The final chapter of Ingres's work is in religious and allegorical painting. In the Oath of Louis XIII, we see the influence of Roman Baroque painting, as the statue of Mary in front of the kneeling king is covered over by a cloud: angels draw back a theatrical curtain to reveal the Virgin and child receiving Louis XIII's offer of crown and scepter. Ingres gives tribute to Raphael's The School of Athens in his Apotheosis of Homer (1827). The Greek poet is seated like Zeus in front of the Parthenon, crowned with laurels by an angel and handed a harp (not unlike the one in the hands of Achilles in his Prix de Rome painting). His students cluster around him in the midground, while in the foreground later writers come to give homage to their illustrious ancestor. On the left, Dante hopes for an autograph, with a copy of his Divine Comedy in his hands and the arm of Virgil lovingly around his shoulders. On the right, Racine and Corneille offer the mask of tragedy, while beneath them Molière is writing something with a wry smile on his face.
In a series of paintings of the Virgin Mary, the model appears to have been the same woman, perhaps his wife, Madeleine.
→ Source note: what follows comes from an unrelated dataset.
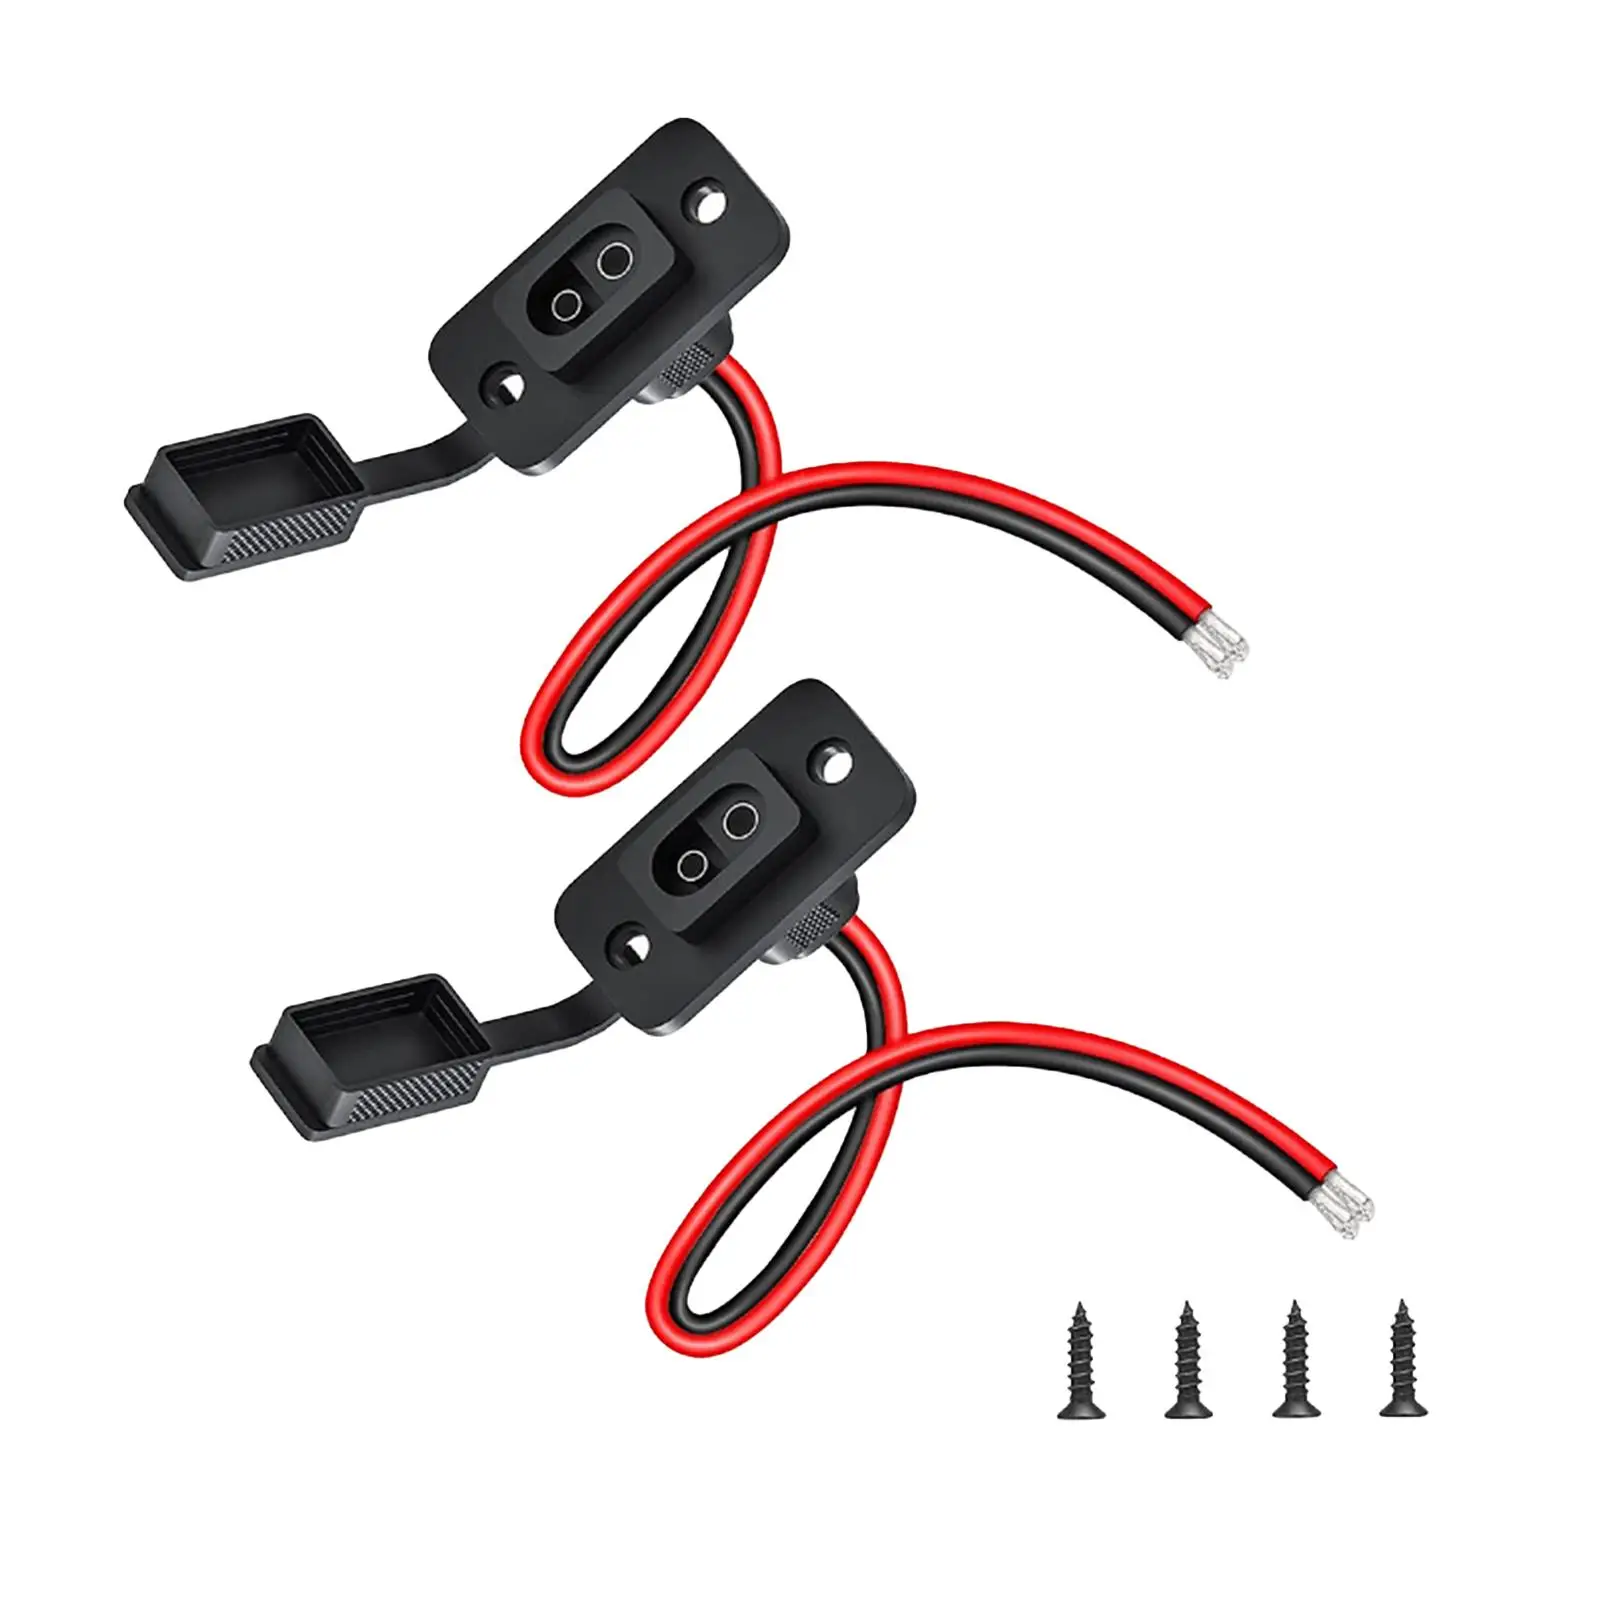 2 Pieces SAE Socket Cars Quick Connect Disconnect Accessory Extension Cord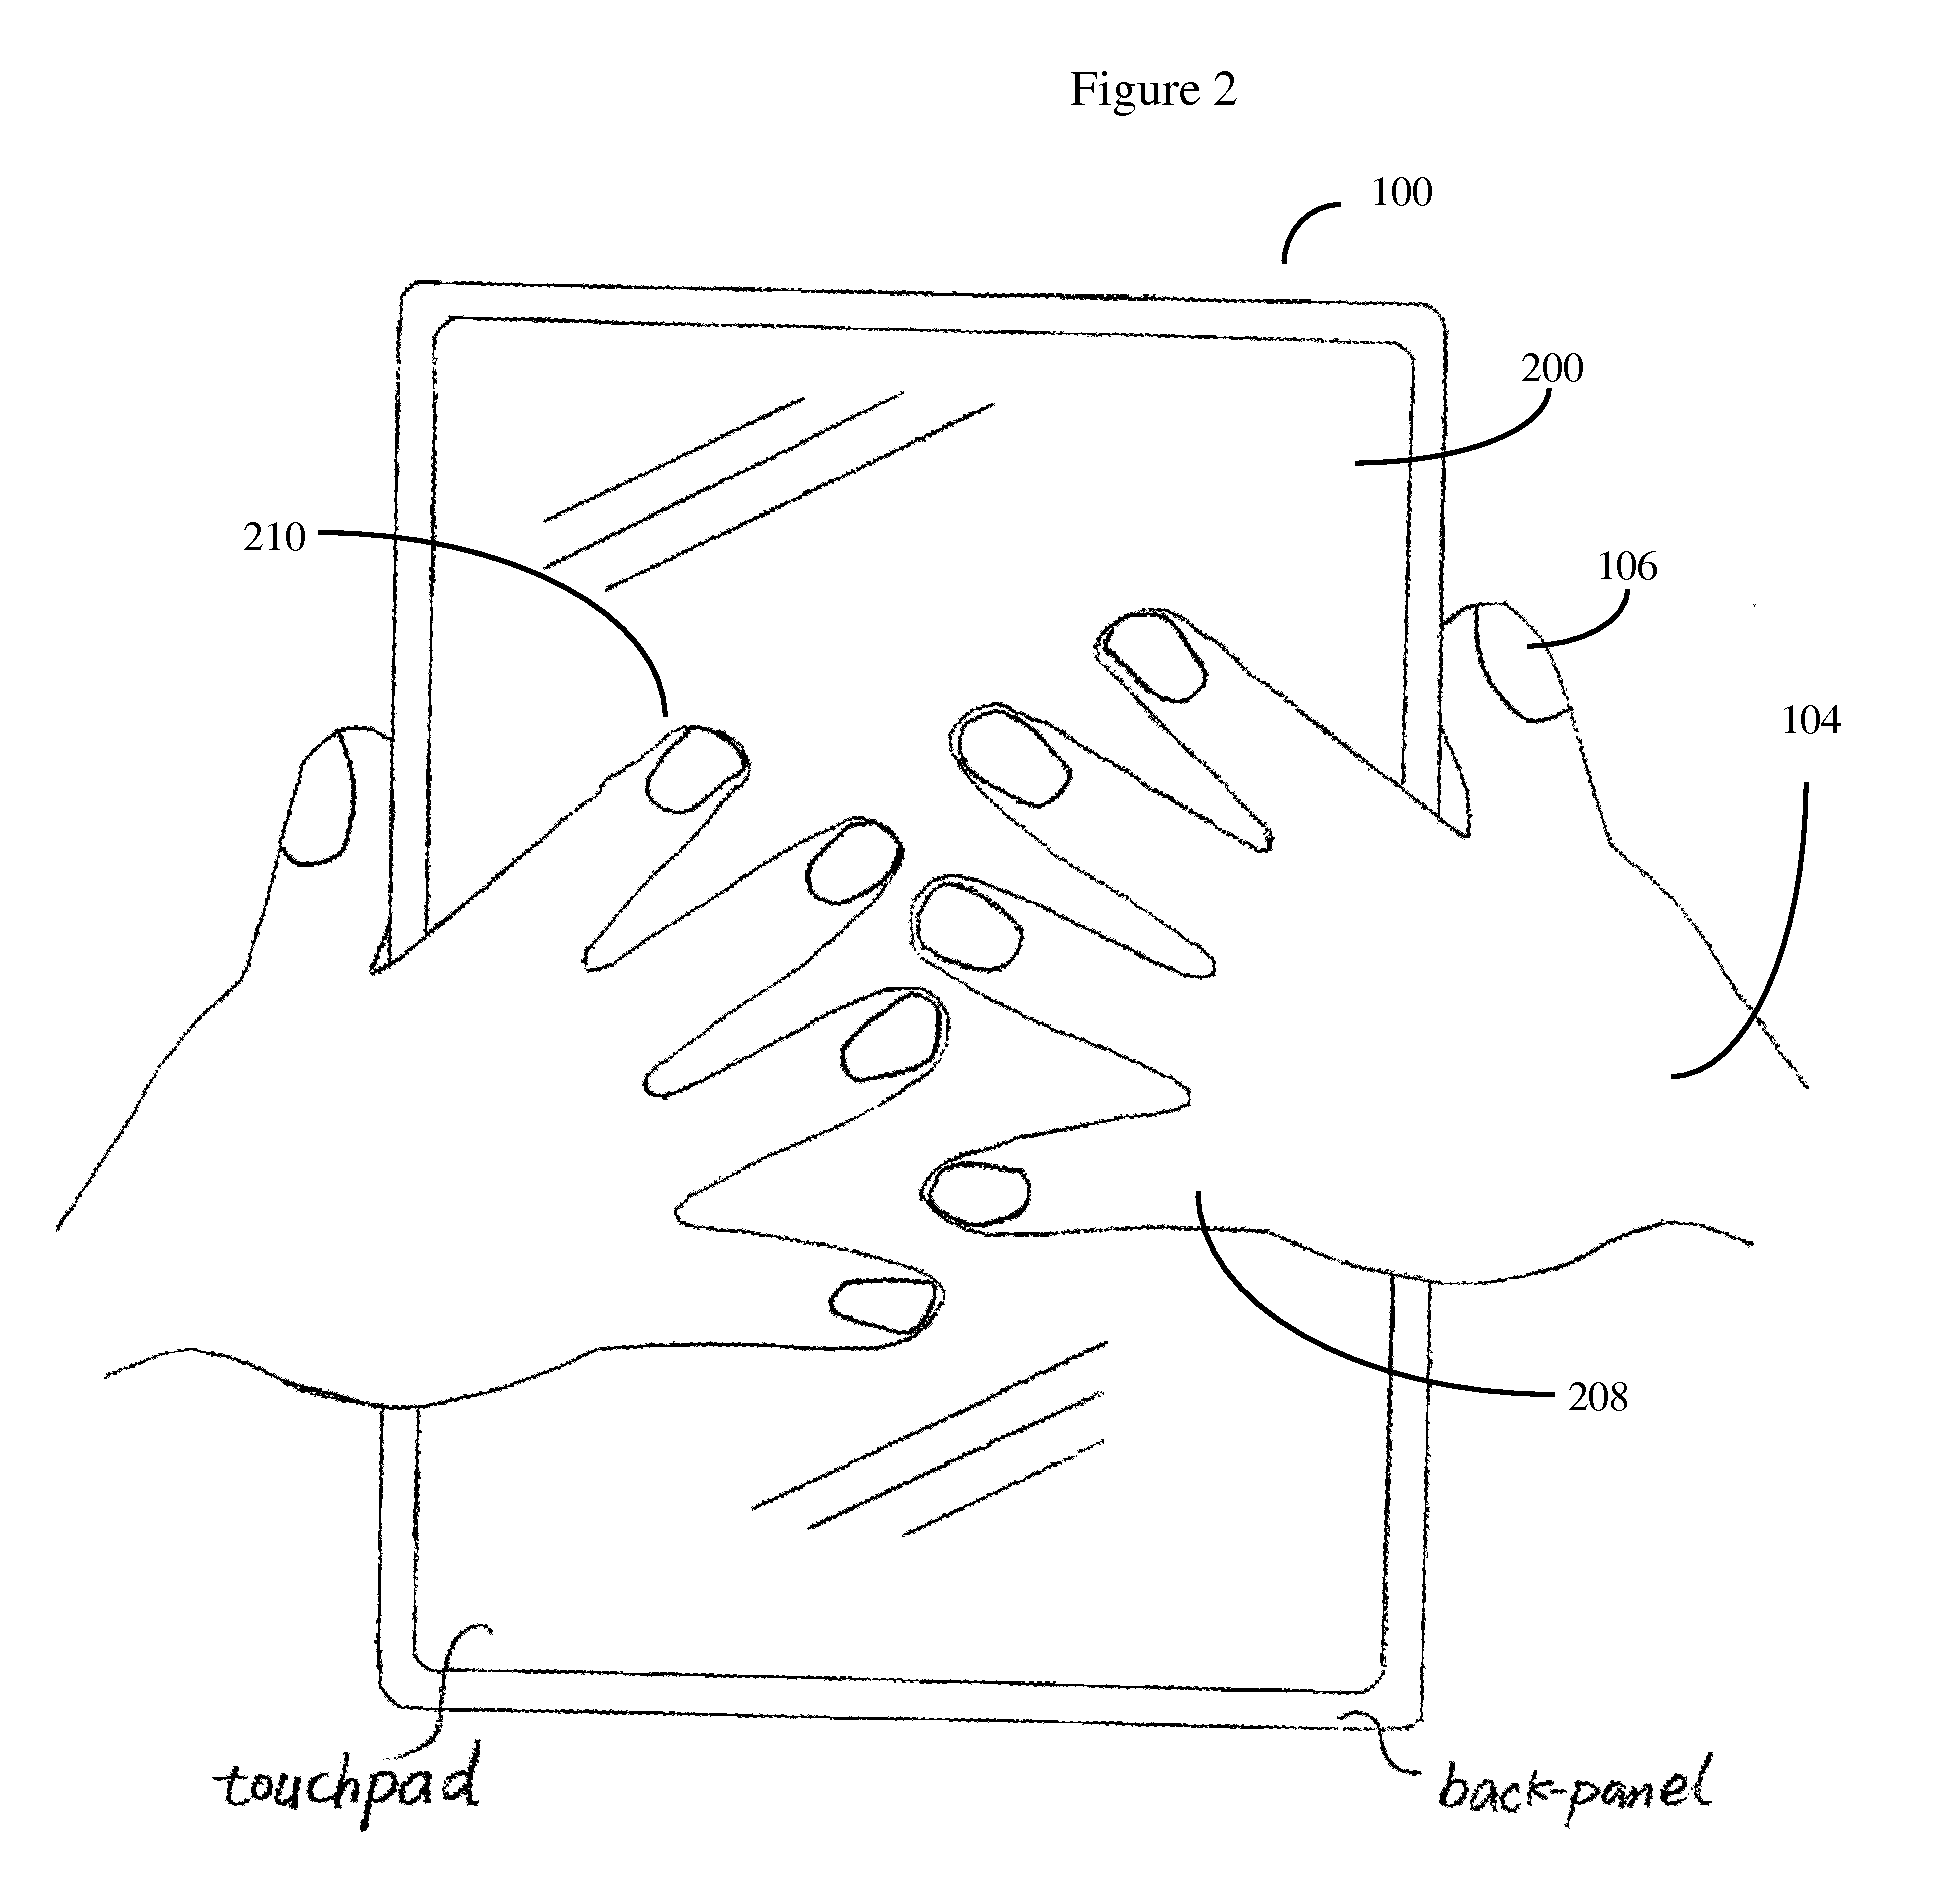 Method for user input from the back panel of a handheld computerized device

In the sweet Virgin Adoring the Sleeping Jesus (c. 1839, owned privately in New York), Mary looks down with the joy that every parent feels when looking upon a sleeping baby. Ingres used the same pose in his Virgin with a Blue Veil and the odd Virgin Adoring the Host, where Mary casts the same joyful look upon her son, but this time in the guise of the Eucharistic bread. The theme of parent and child, so wistful for Ingres, appears again in Jésus au milieu des docteurs, in which Mary and Joseph call out from the right side to their precocious son, whose revelatory teaching in the temple has scattered books in Hebrew all over the floor in front of him.
As a musician, I have always loved Ingres for his connections with musicians of his age. In this exhibit, there are several portraits, mostly drawings, of musicians who visited Ingres in Rome: Cherubini, the violinists Paganini and Pierre Baillot, the dashing young Liszt, and a young Charles Gounod, seated at the piano with a score of Mozart's Don Giovanni in front of him. The curators are even displaying, in a case, Ingres's own violin, on loan from the museum in Montauban. Ingres was reportedly a virtuosically gifted violinist who was passionate about music. The fact that he played the violin so well while leading a career as a great painter has inspired the idiomatic French phrase, avoir un violon d'Ingres. As a French grandfather explained to his two adorable granddaughters next to me as we looked at Ingres's violin, it means to have a pasttime that one does well but that is completely unnecessary. With a smile, he added: "You will remember that, won't you?"
2 comments:
Ingre wasn't a bad composer, eh. Charles weren't we supposed to flip for this assignment?
Thank you for explaining violon d'Ingres. It has puzzled me for decades. And thanks for the review.